*** DATA FOR THE TASK

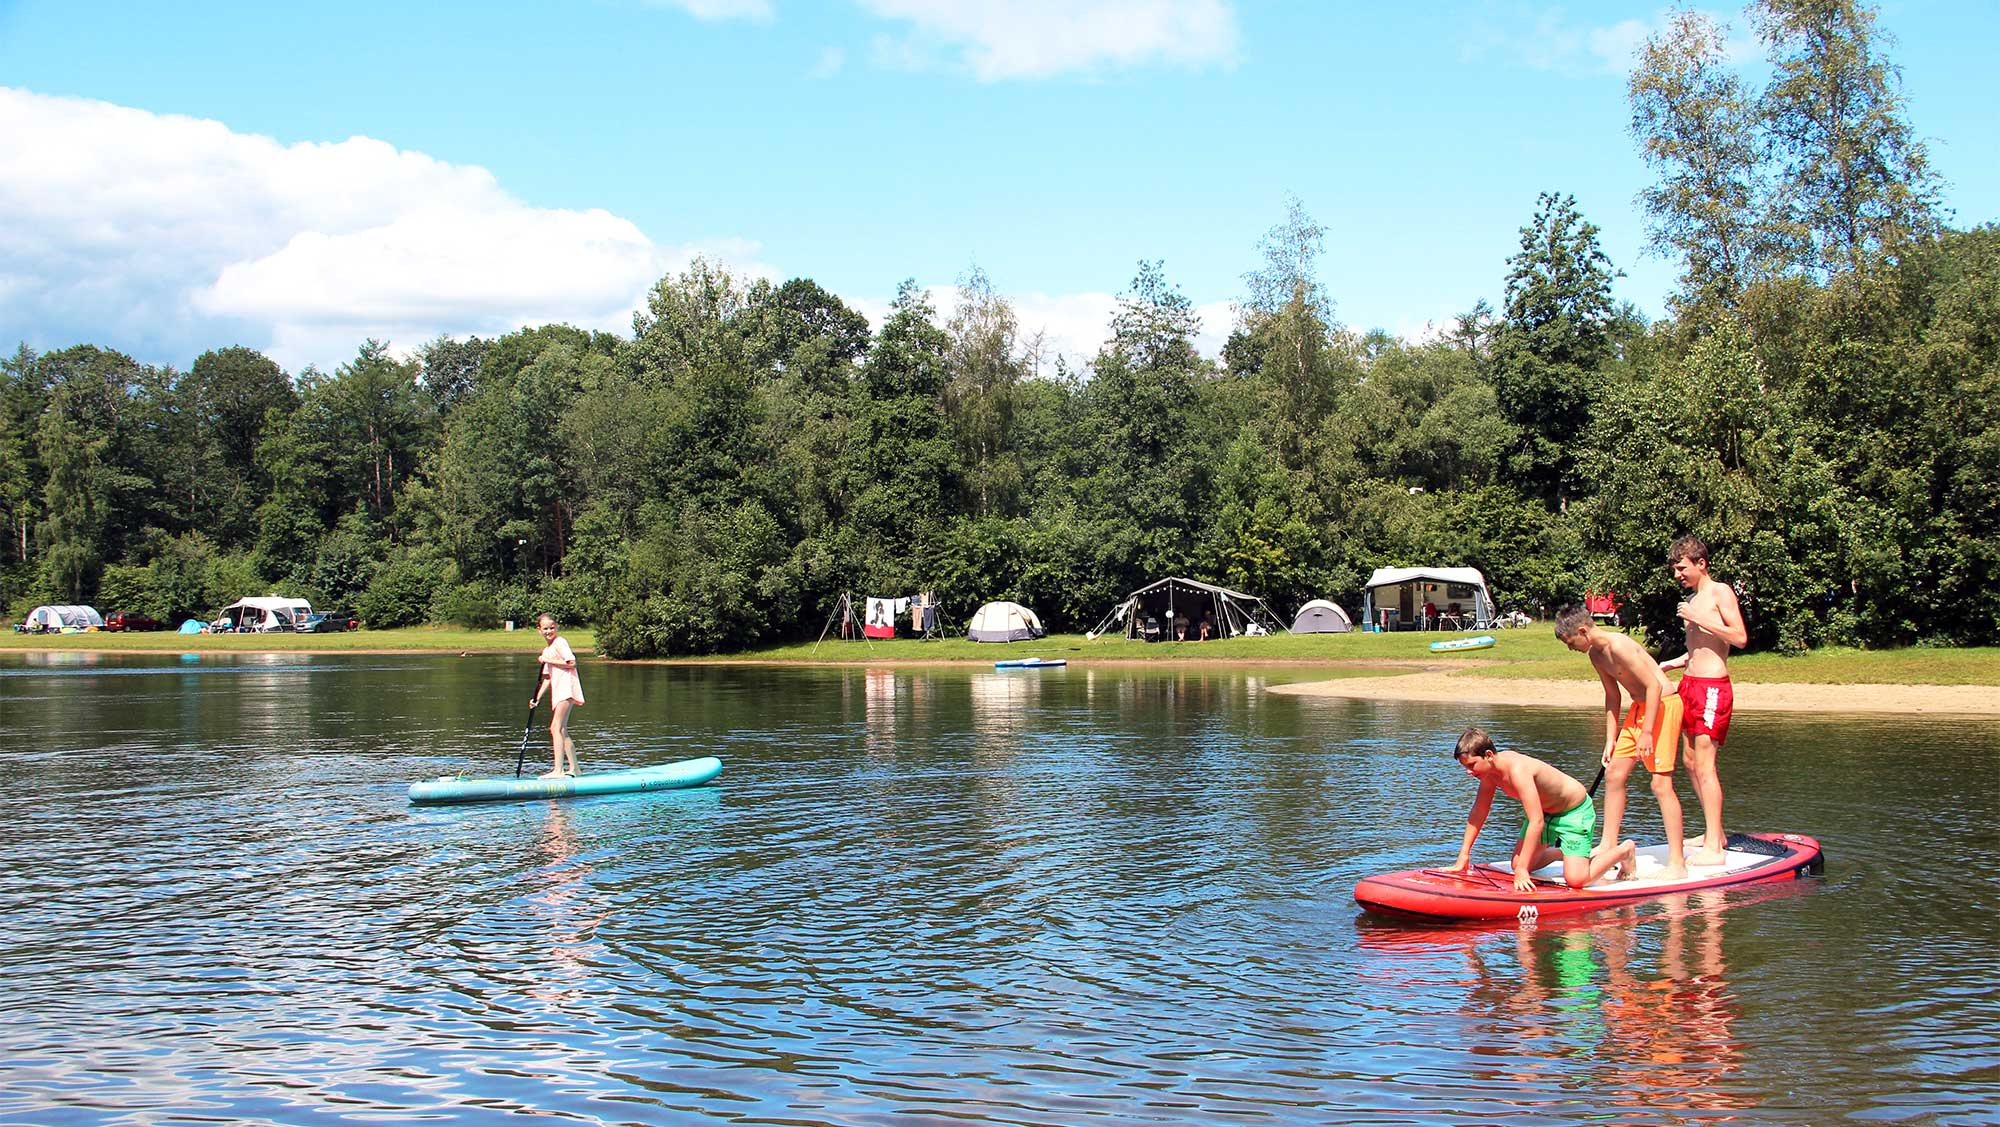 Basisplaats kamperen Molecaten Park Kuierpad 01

******
*** DATA FOR THE TASK

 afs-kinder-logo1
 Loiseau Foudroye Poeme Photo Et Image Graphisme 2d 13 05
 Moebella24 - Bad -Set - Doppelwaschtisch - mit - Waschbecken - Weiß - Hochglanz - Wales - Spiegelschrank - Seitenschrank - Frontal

******
*** DATA FOR THE TASK

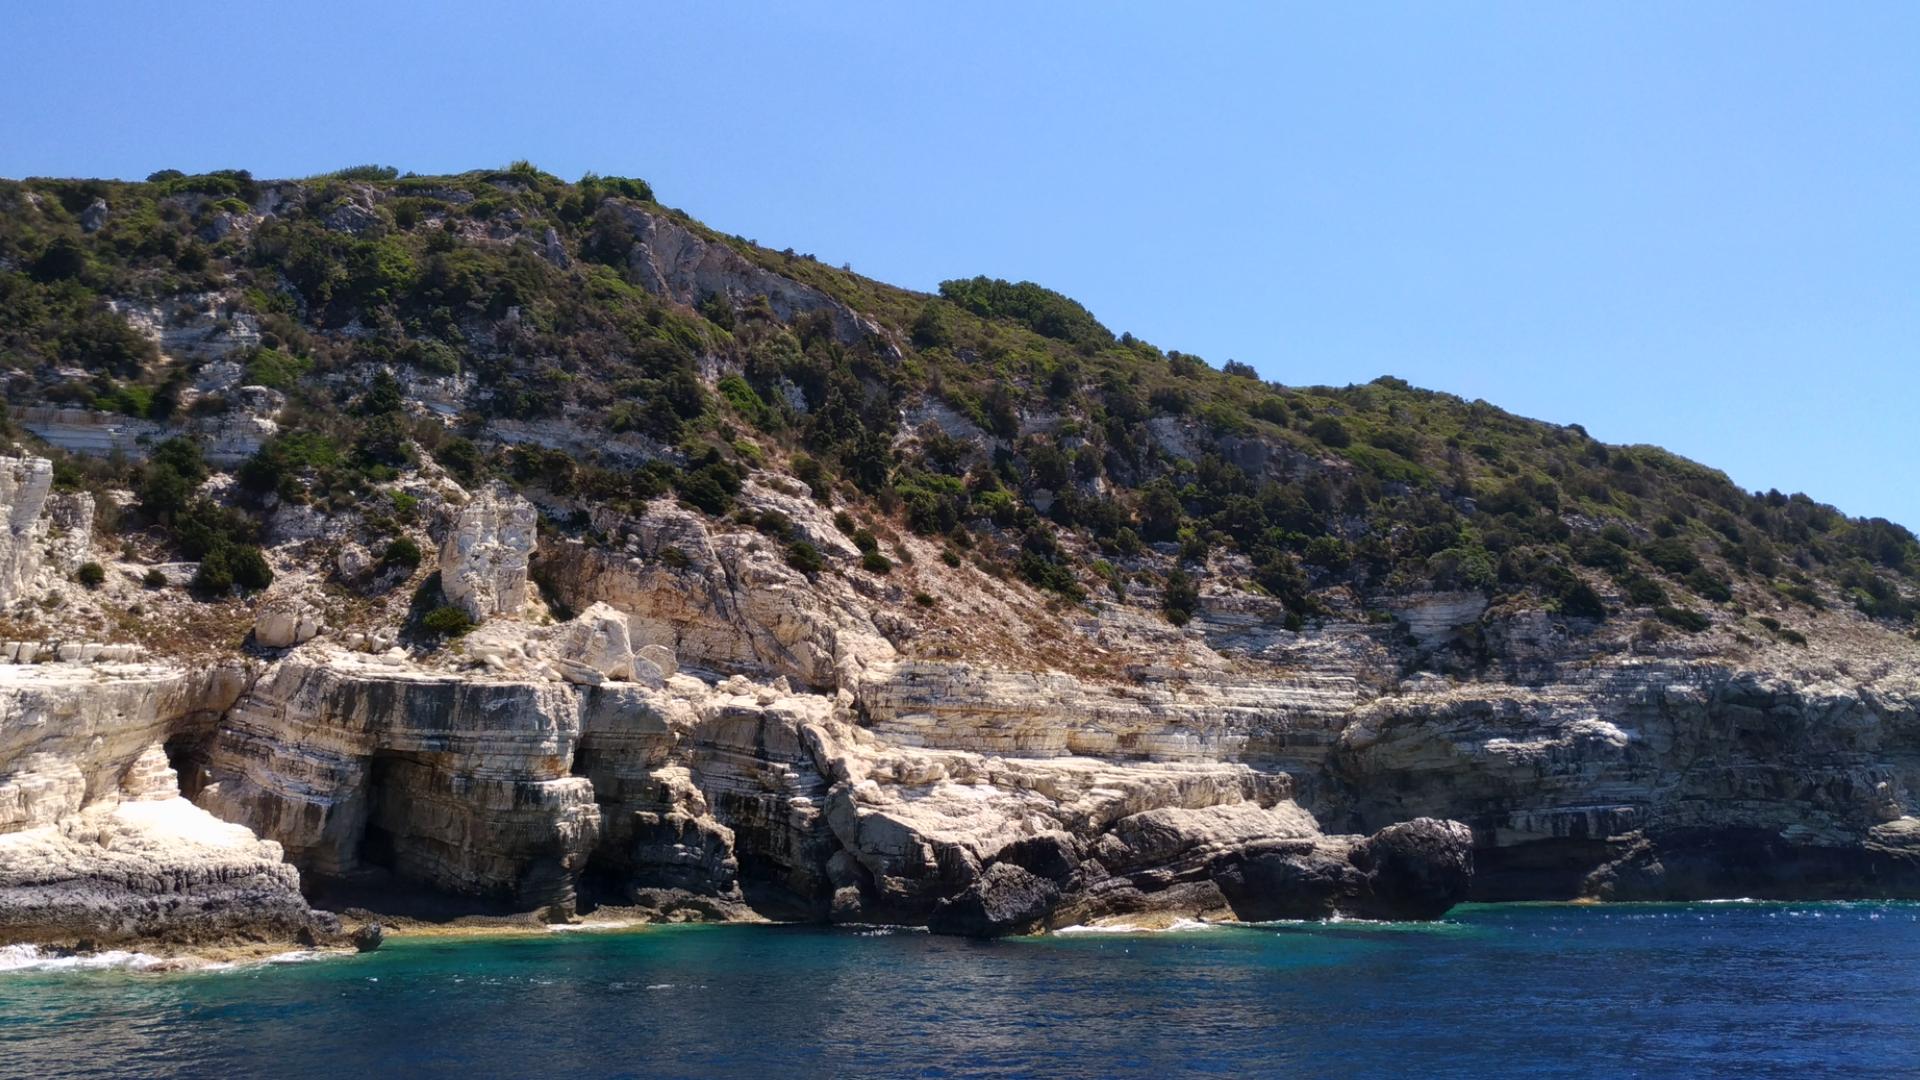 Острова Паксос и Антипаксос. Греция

******

## TASK DIRECTIONS
Could you retype exactly the lines above, starting at the line that contains "Loiseau Foudroye Poeme" and ending at the line that contains "Moebella24 - Bad", and nothing more?

## RESULT
 Loiseau Foudroye Poeme Photo Et Image Graphisme 2d 13 05
 Moebella24 - Bad -Set - Doppelwaschtisch - mit - Waschbecken - Weiß - Hochglanz - Wales - Spiegelschrank - Seitenschrank - Frontal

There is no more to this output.